CoastCoastal areas are particularly vulnerable to the effects of climate change. Sea-level rise and heavy storms can result in erosion and flooding of these sensitive areas as well as loss of natural habitat.

During the 20th century, global sea level rose by roughly 7 inches. Global temperatures are expected to continue to climb, resulting in:

  • sea levels continuing to rise,
  • Storm surges being amplified, and
  • heavy storms occurring with greater frequency and intensity.

These changes are expected to continue to erode the shoreline and damage property and infrastructure, potentially resulting in population displacement. This animation from the National Oceanic and Atmospheric Administration (NOAA) shows how storms impact coasts and how green infrastructure can help.

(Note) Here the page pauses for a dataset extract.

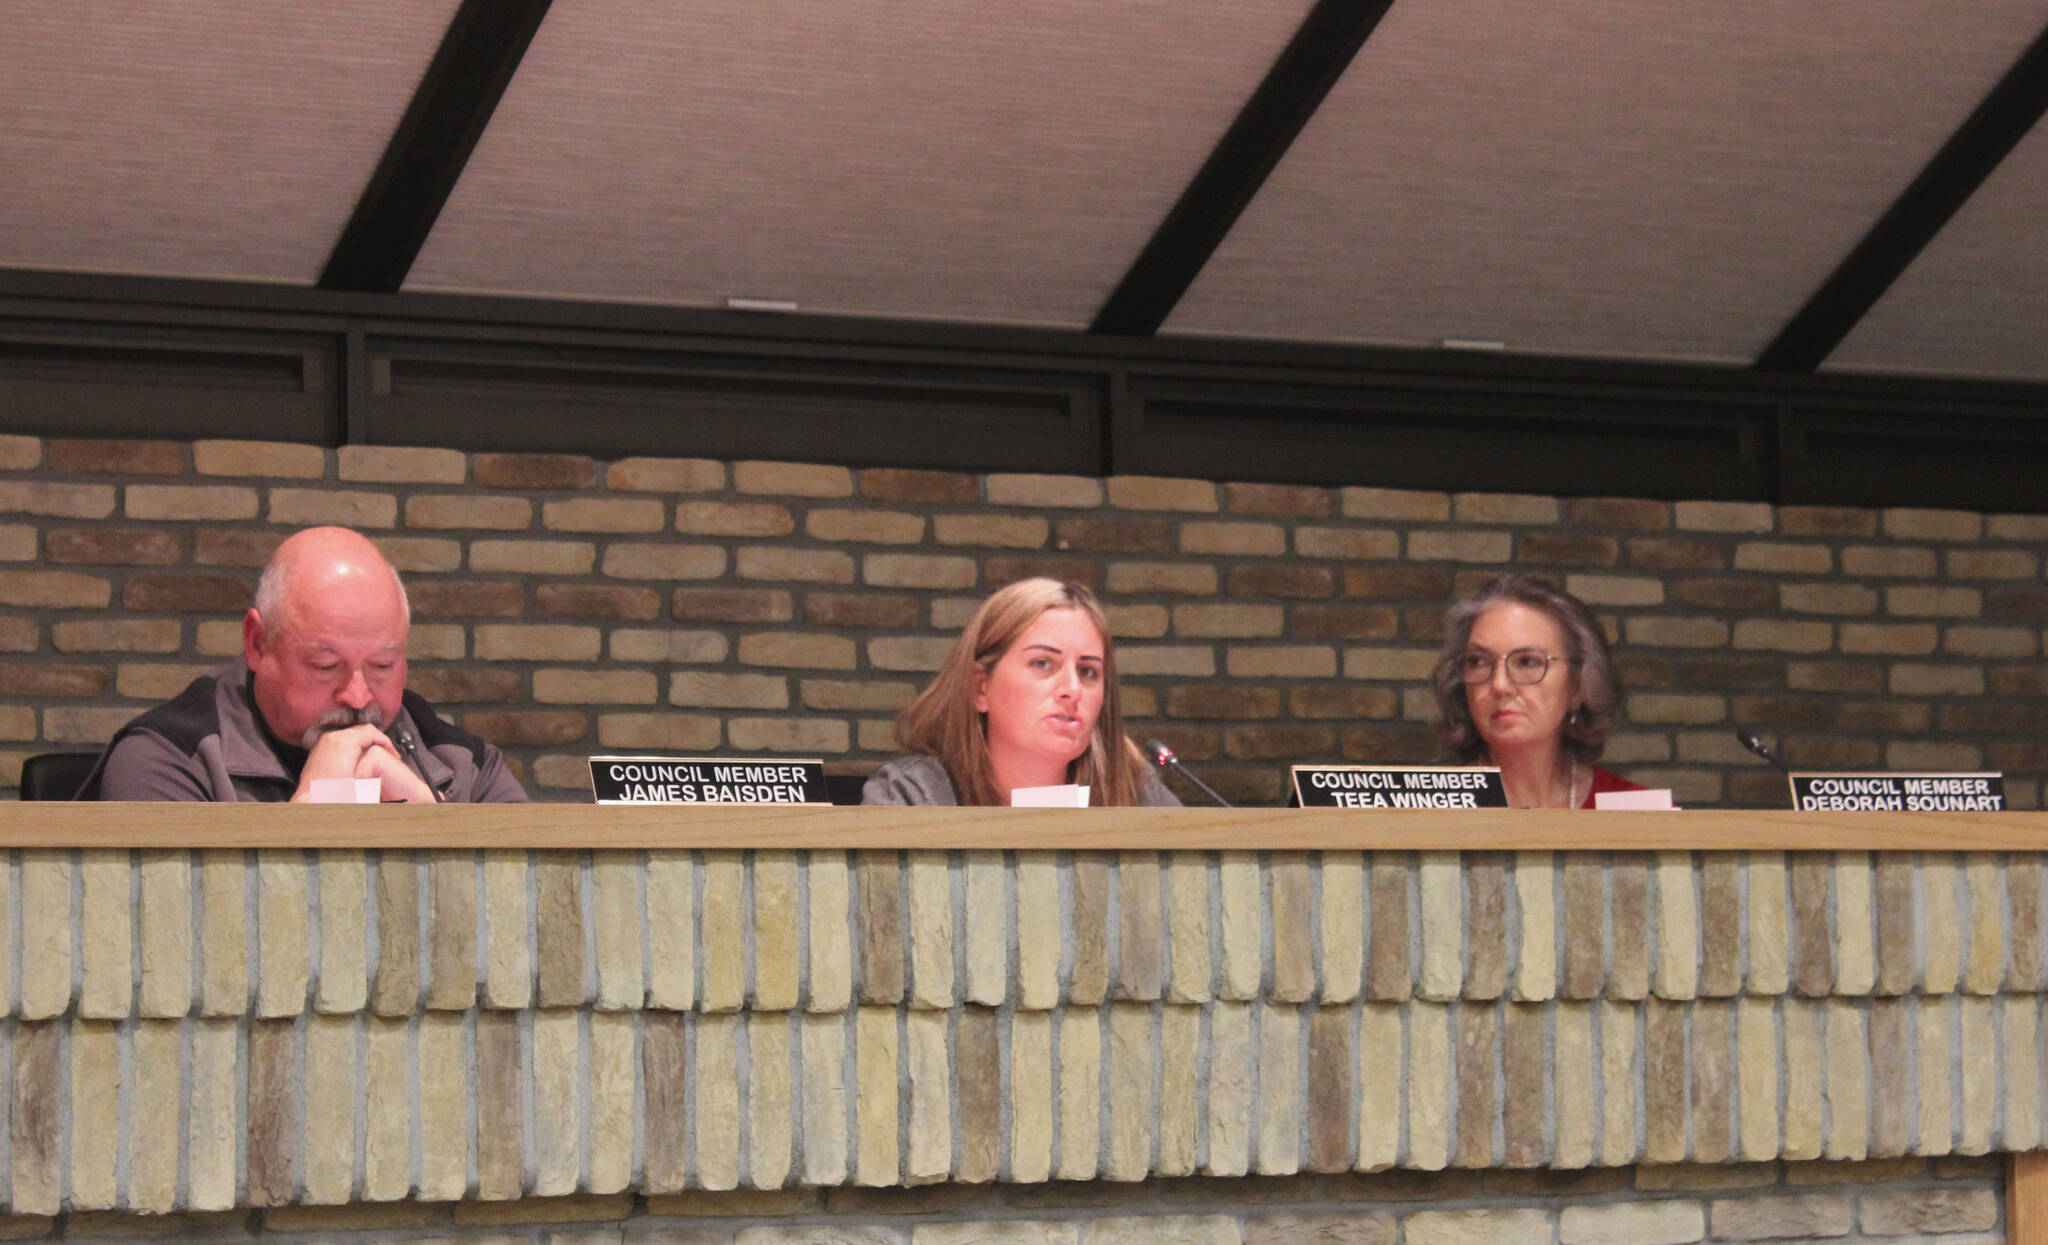 Kenai City Council members James Baisden (left) and Deborah Sounart (right) listen as member Teea Winger (center) speaks in support of legislation opposing government COVID-19 mandates, during a meeting of the Kenai City Council last Wednesday, in Kenai.

A green infrastructure approach to coastal improvement—a "living shoreline"—can be created using plants, reefs, sand, and natural barriers to reduce erosion and flooding. It also can lessen the associated impacts on human health and property. Restoring affected wetlands can reduce wave heights and property damage. In contrast to hard structures such as bulkheads and sea walls, vegetative shorelines provide multiple ecosystem benefits, including improved water quality, aquatic habitat, and carbon sequestration.

On this page:

This page contains technical information and references for state and local government officials working in the field of stormwater management.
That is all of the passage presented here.